*** Opening Input data ***

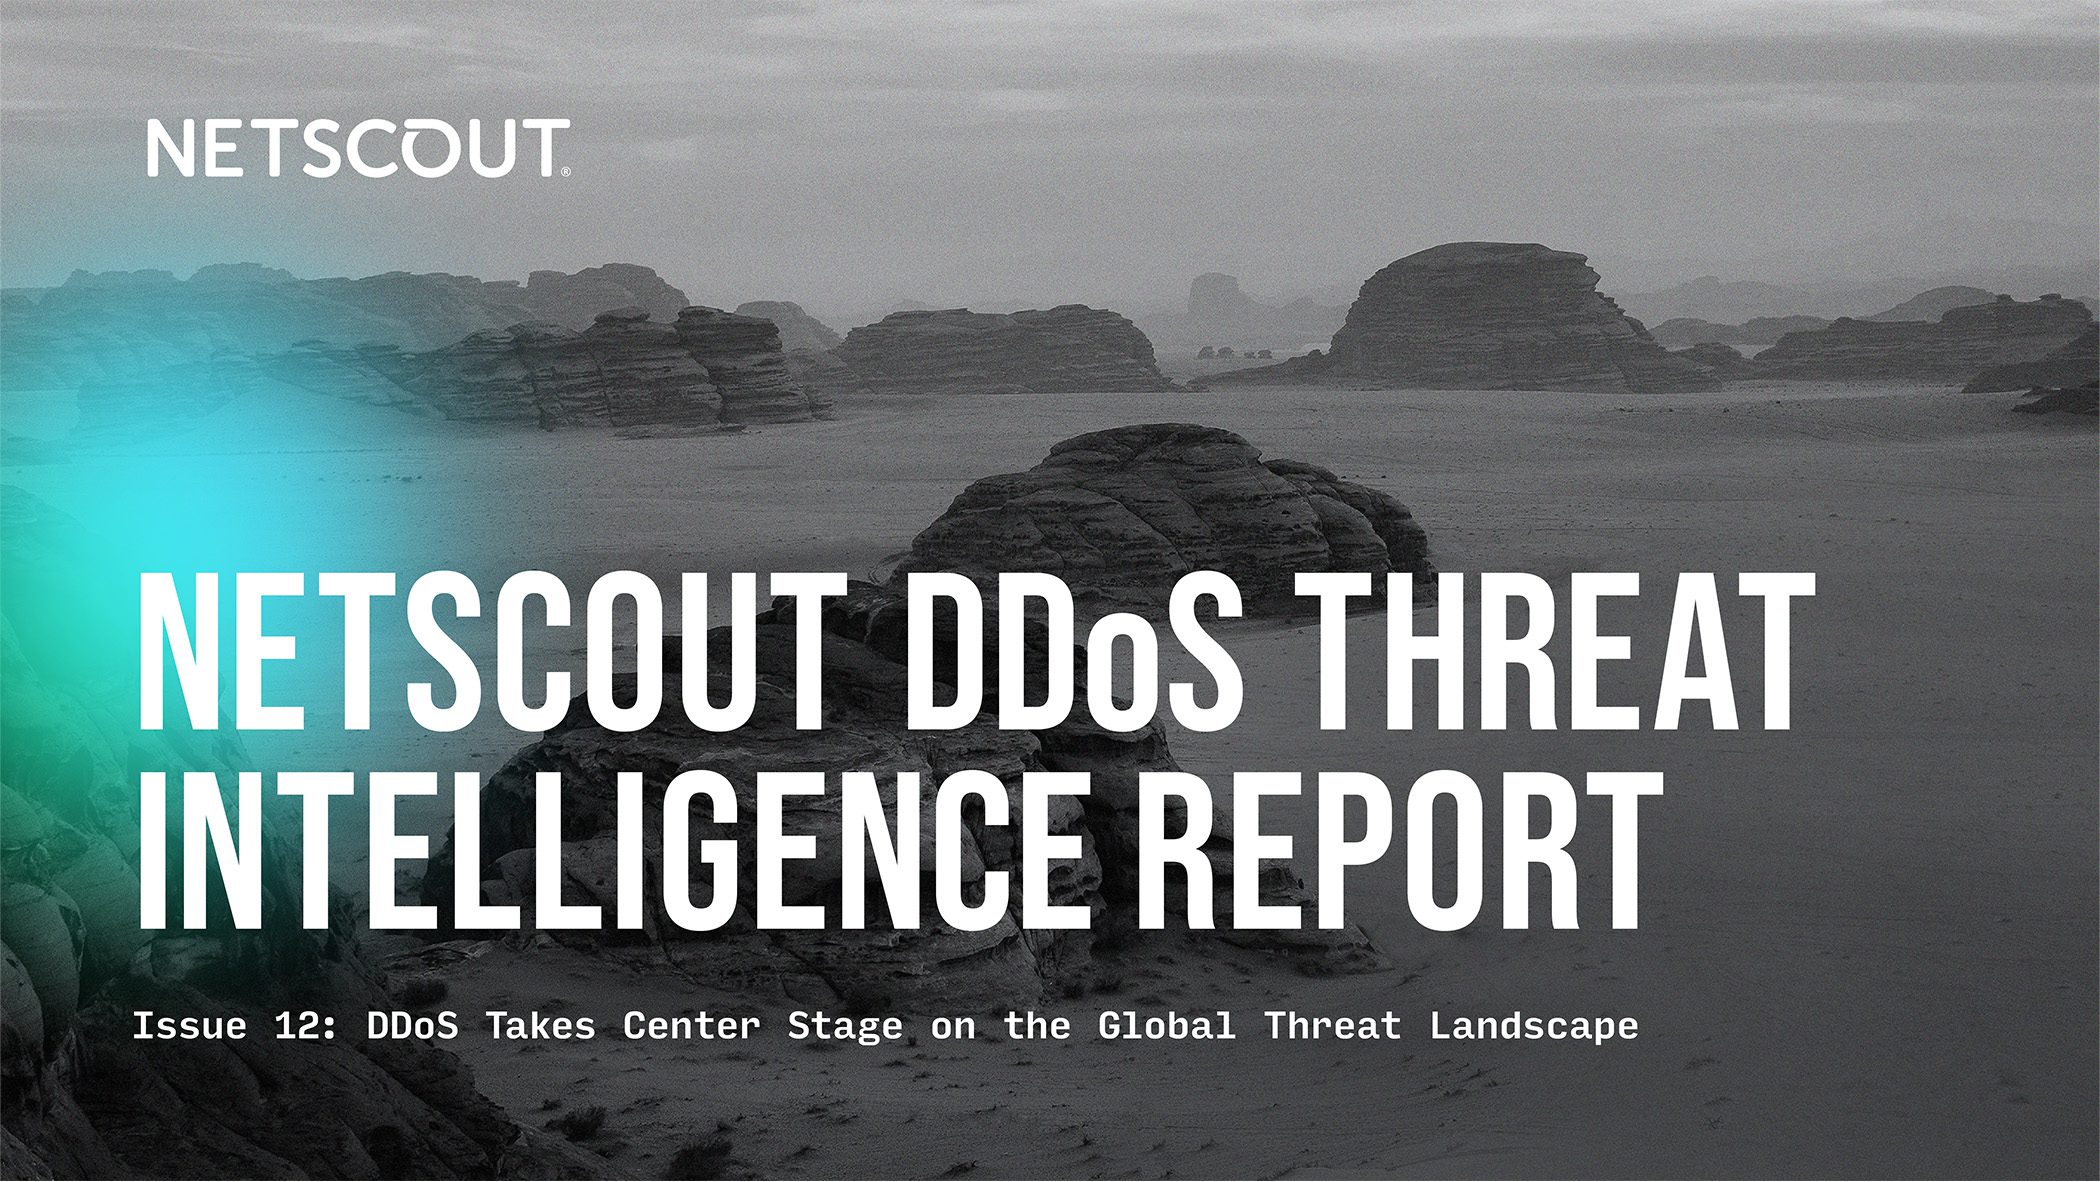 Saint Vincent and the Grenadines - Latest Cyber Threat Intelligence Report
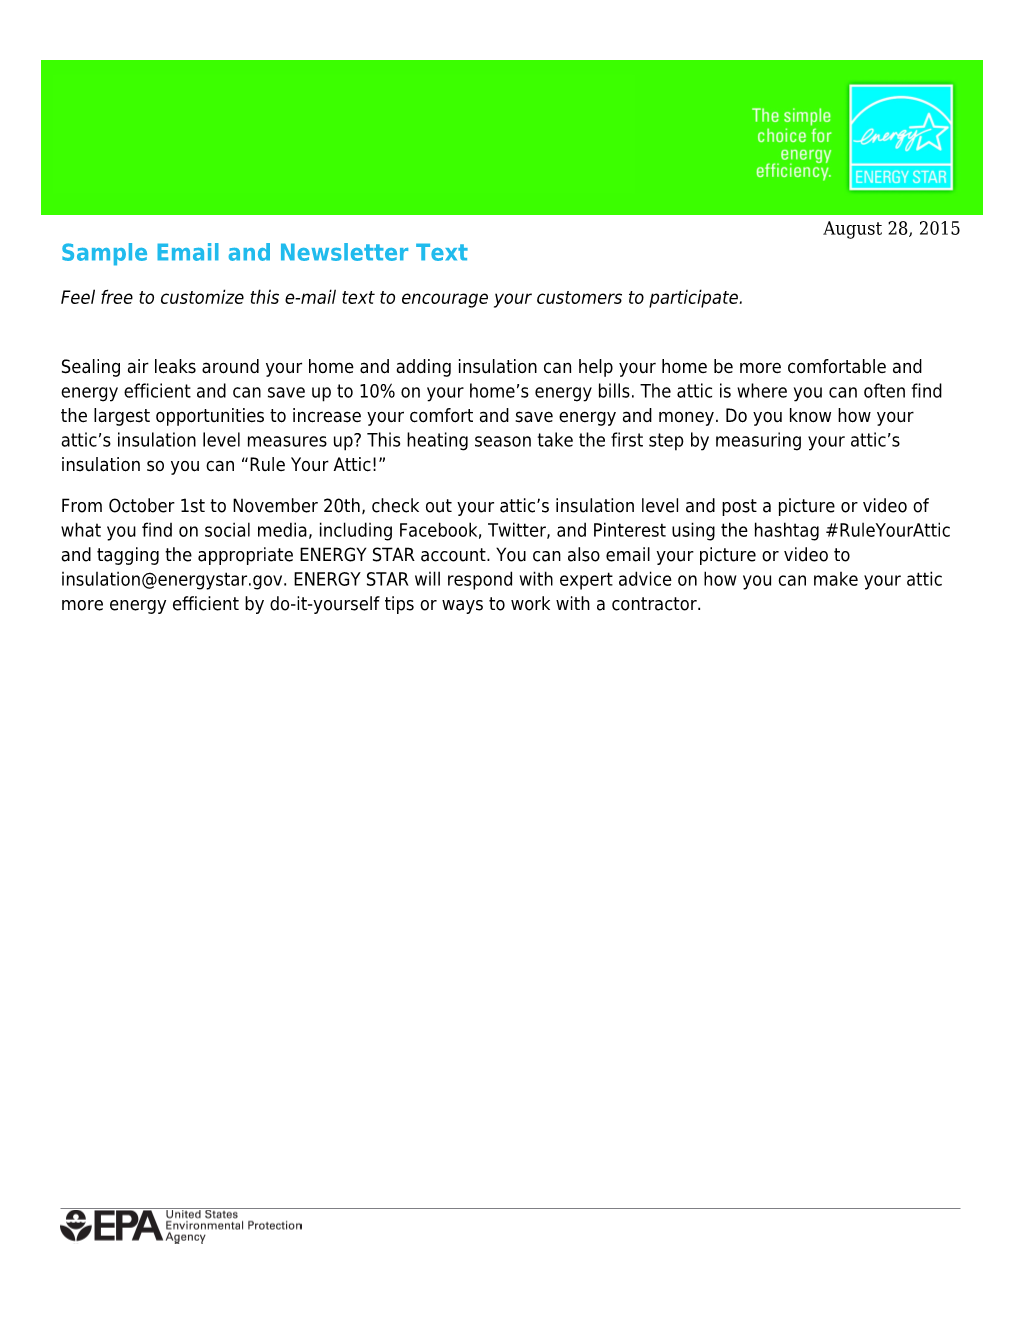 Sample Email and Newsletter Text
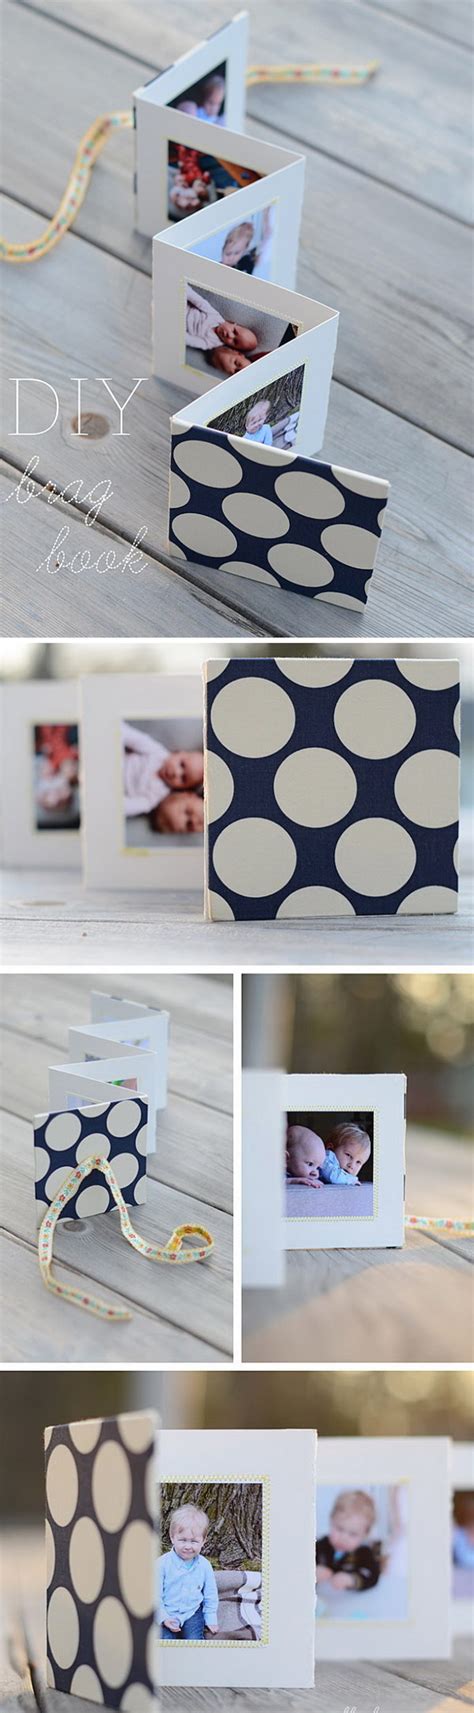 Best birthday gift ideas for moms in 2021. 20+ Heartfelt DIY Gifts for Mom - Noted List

*** Closing Input data ***

In transcribing the material above, reproduce each line exactly and include none of the pictures.

> Finished task
 Saint Vincent and the Grenadines - Latest Cyber Threat Intelligence Report
 Sample Email and Newsletter Text
 Best birthday gift ideas for moms in 2021. 20+ Heartfelt DIY Gifts for Mom - Noted List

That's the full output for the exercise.